As in previous years, the 1999 program includes a category focused on the creation of tools for molecular diagnostics. The main goal of the DNA diagnostics program is to develop low-cost assays and automation equipment for the healthcare industry as well as the agricultural and environmental industries.
Although the primary function of the ATP competition is to provide funding to the selected companies, ATP program director Rosemarie Hunsacker admits that "there are a few unofficial benefits. Being chosen for government grants has a halo effect on the companies. With government endorsement, companies can appear more attractive to venture capitalists."
The selected companies specialize in all facets of DNA diagnostics from sample preparation and probe development to automation and analysis. In addition, many of this year's winning proposals involve partnerships with secondary sponsors, including both academic institutions and other industry firms. Following is a rundown of the principal sponsors and their grant-winning proposals.
DNA chips by Clinical Micro Sensors Inc. (Pasadena, CA) contain electrically active pads connected to specific DNA probes. Hybridization to a probe will send a signal that can be detected and quantified with a handheld unit. One hurdle for the company's technology will be to make the system sensitive enough to analyze whole blood and obviate costly amplification steps.
Axys Pharmaceuticals Inc. (South San Francisco, CA) and Luminex Corp. (Austin, TX) sponsored a proposal based on the core technology of Axys's liquid arrays, which incorporate DNA probes into polystyrene microspheres. On a flow cytometer, the microspheres can be distinguished by a unique combination of fluorescent dyes. Planning to manufacture up to a million different types of microspheres in a 1536-well microplate format, the partners envision a plate that could perform 1.5 billion assays simultaneously.

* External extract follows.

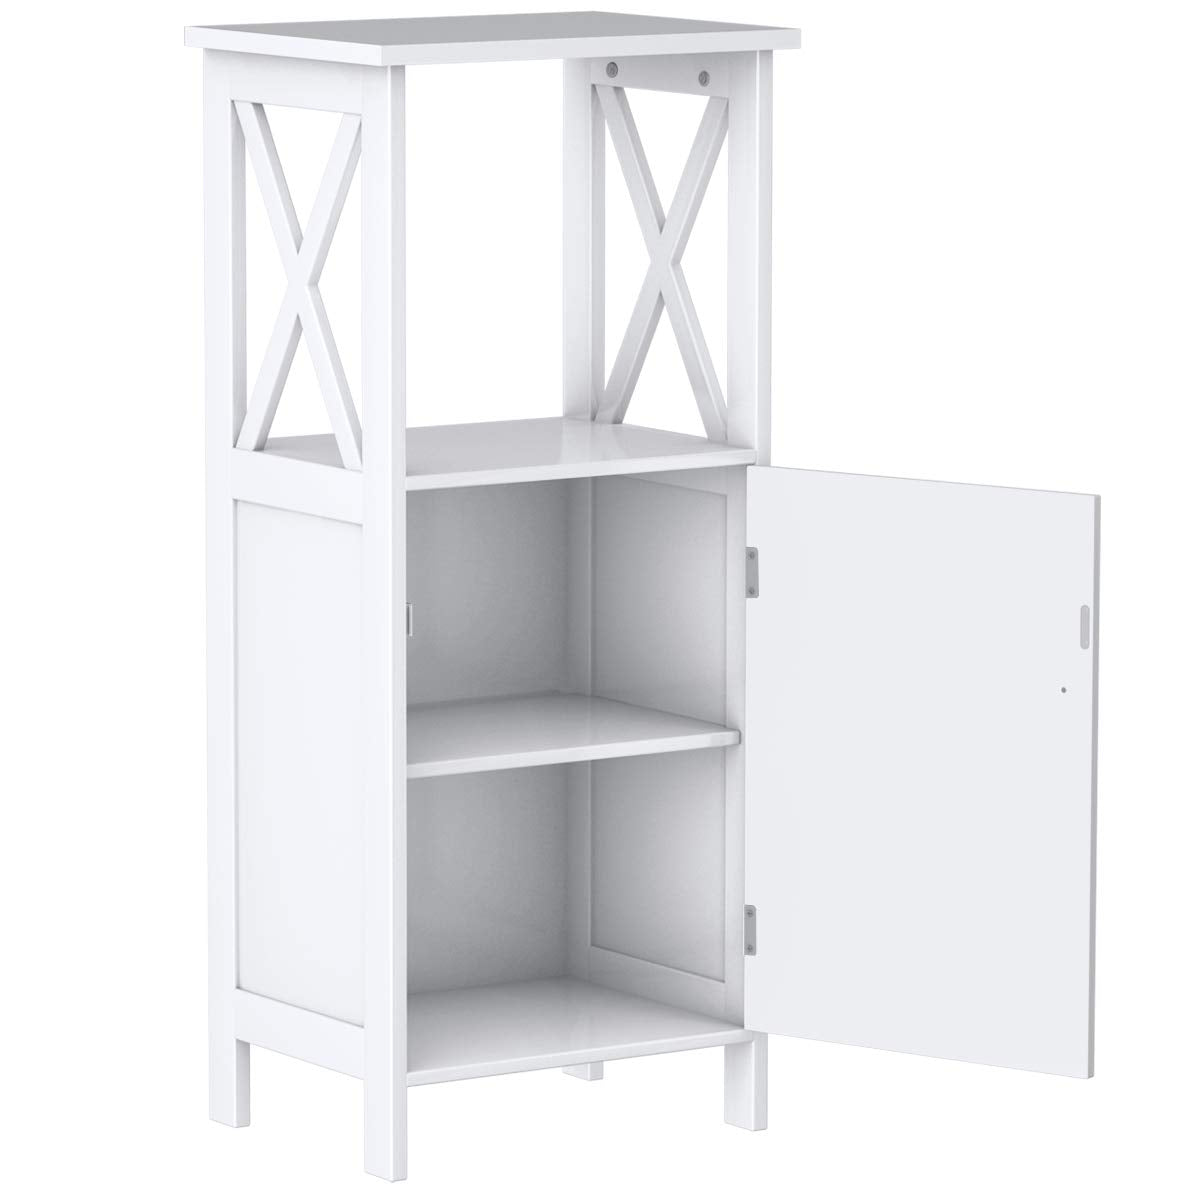 Giantex Floor Storage Cabinet Freestanding W/One Door Cabinet & Adjustable Shelf Bathroom Storage Organizer Cabinet,White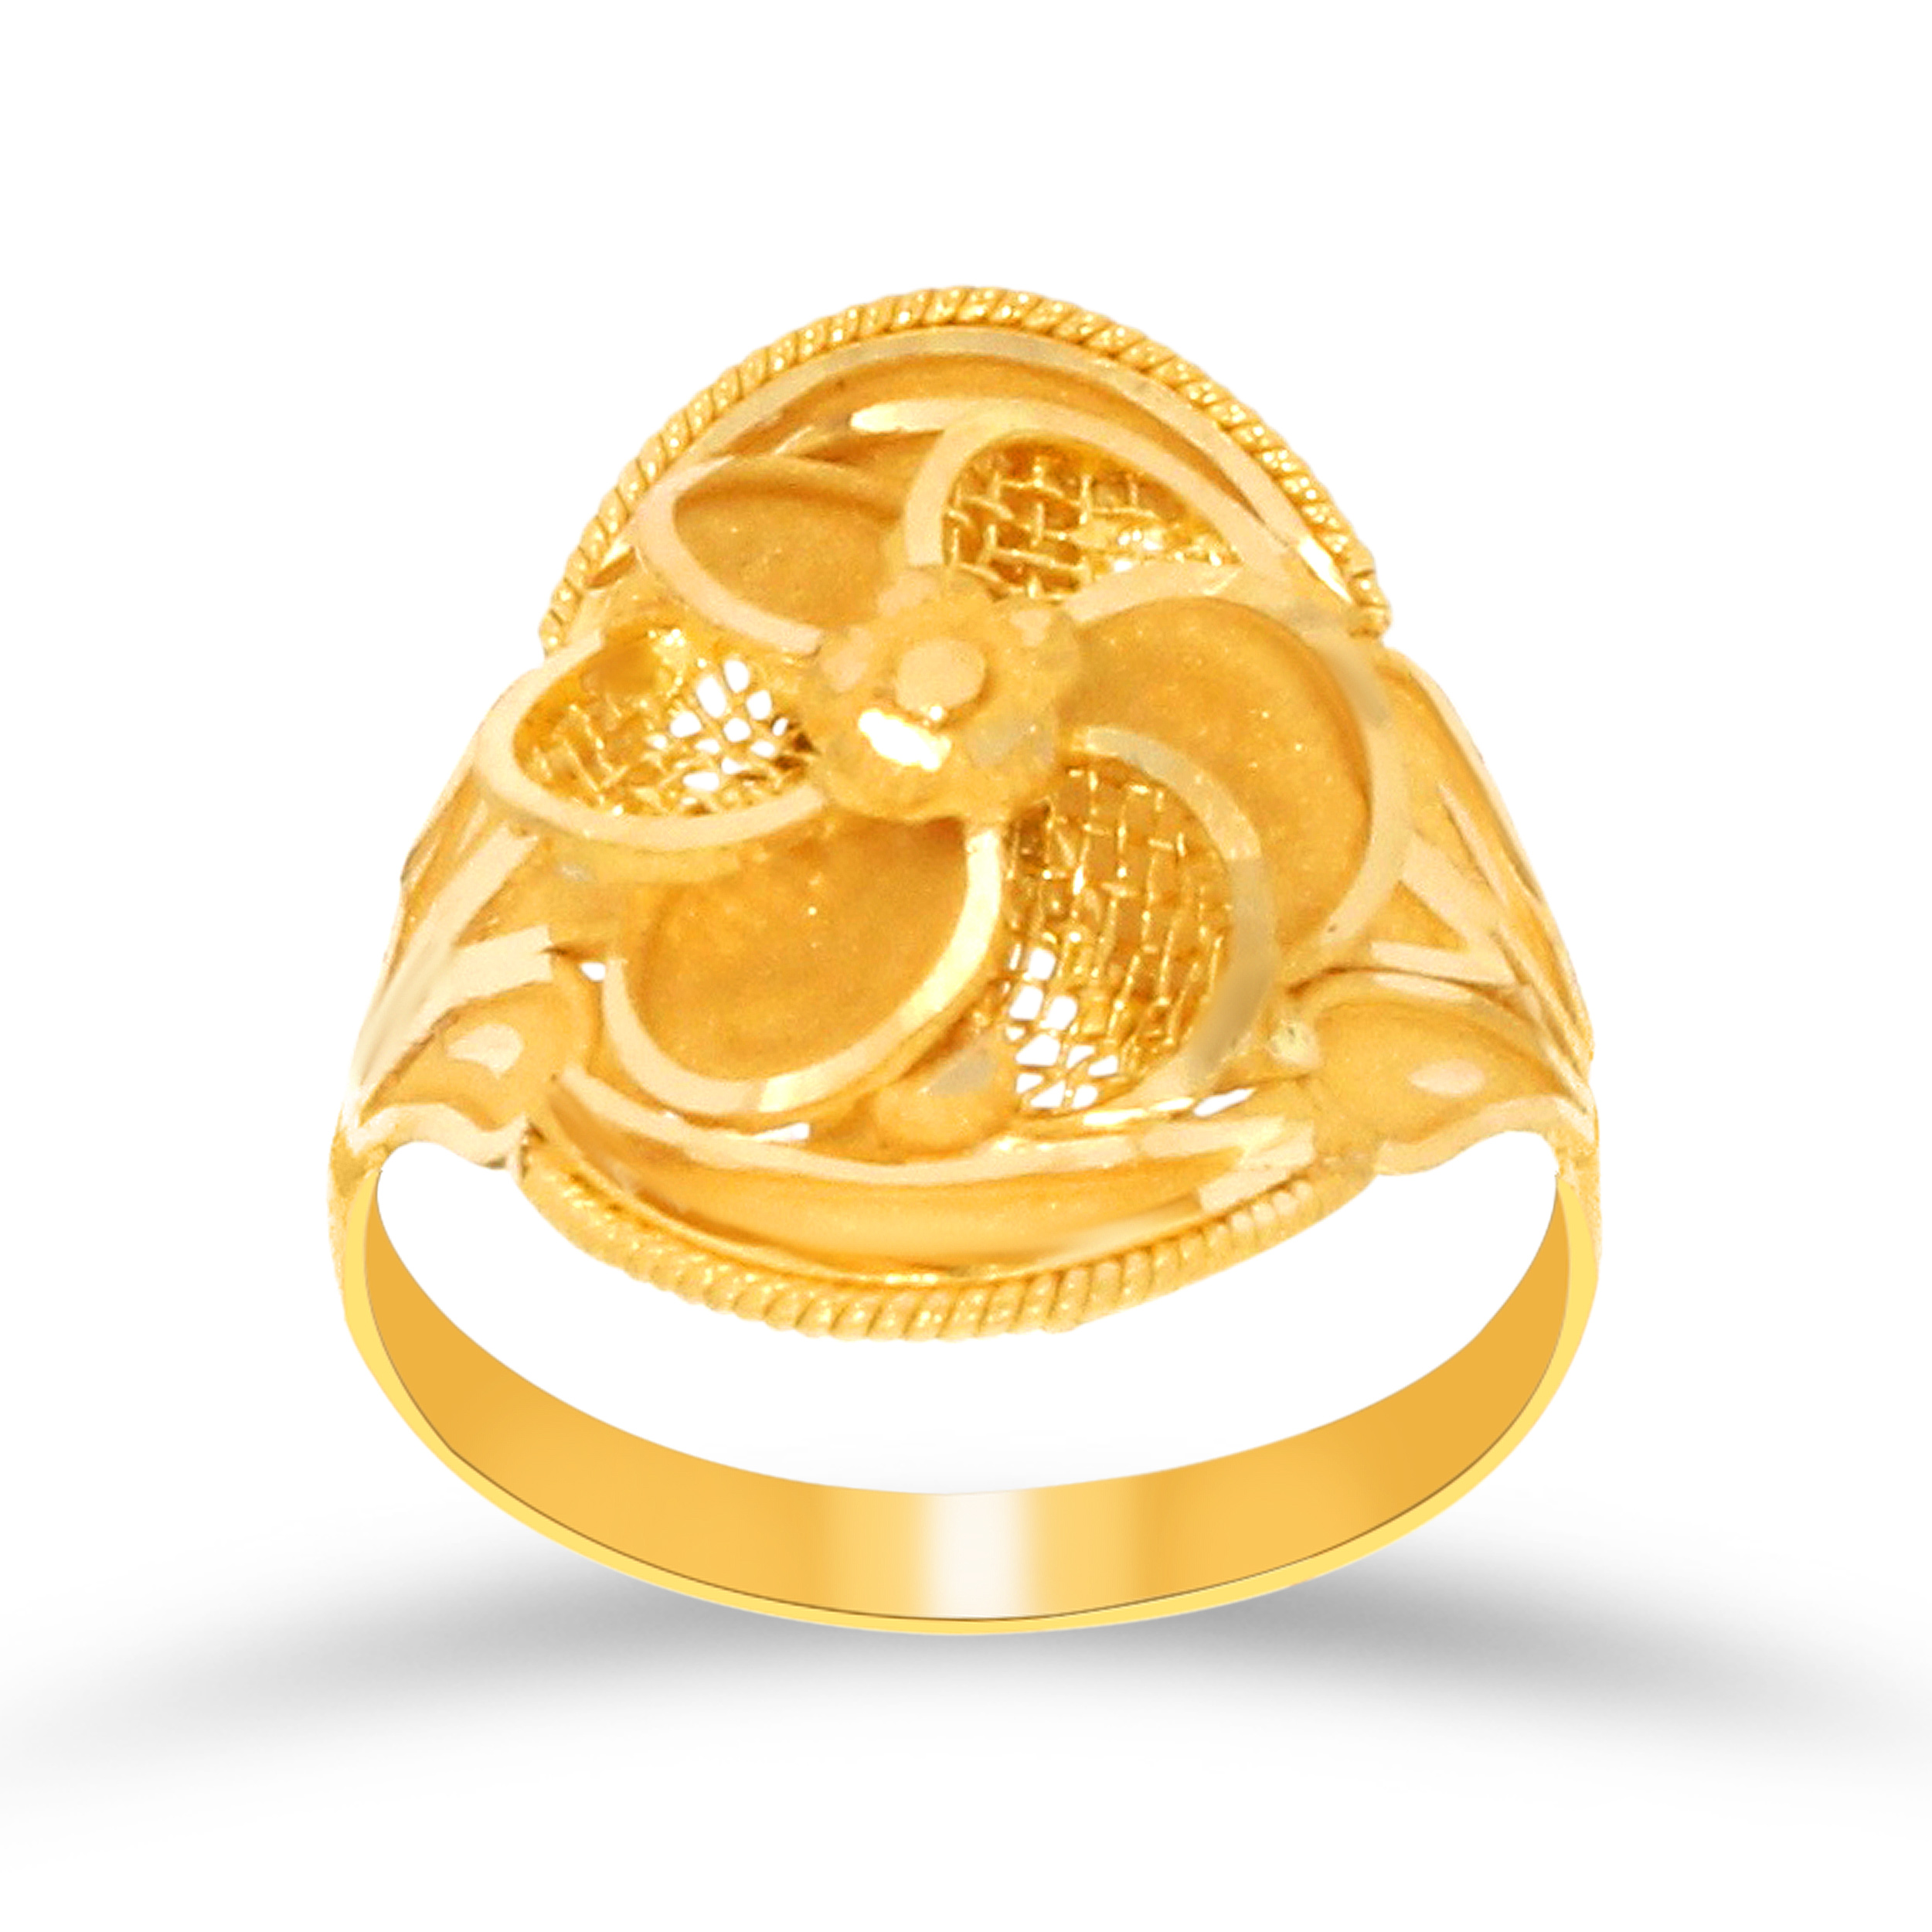 SUN AABI JEWELS 22CT  BIS HALLMARK GOLD RING FOR  WOMEN

Caliper Technologies Corp. (Palo Alto, CA) is working to integrate DNA separation, purification, and analysis onto a single microfluidic chip, and hopes to reduce assay costs to a tenth of their current levels. "Hair-sized channels in the chips will partition nanoscale volumes of reagents and samples to allow any chemical or biochemical conversion," says Michael Knapp, Caliper's vice president for science and technology. High-throughput genotype screening will be the first application developed, "but as with most assays, ours should go to the bedside eventually," he adds.
Orchid Biocomputer Inc. (Baltimore) is seeking to develop a "universal processor" that will contain short DNA probes of four to six nucleotides in all possible combinations. "DNA does not hybridize to the probes," points out project leader Russ Graznow. "Binding is a homology event where a polymerase adds a fluorescently labeled base. Using all combinations of 4-mers, a single mutation will change eight of the 256 spots on the chip." Orchid hopes to minimize sample preparation and reduce costs to less than $1 per genotype.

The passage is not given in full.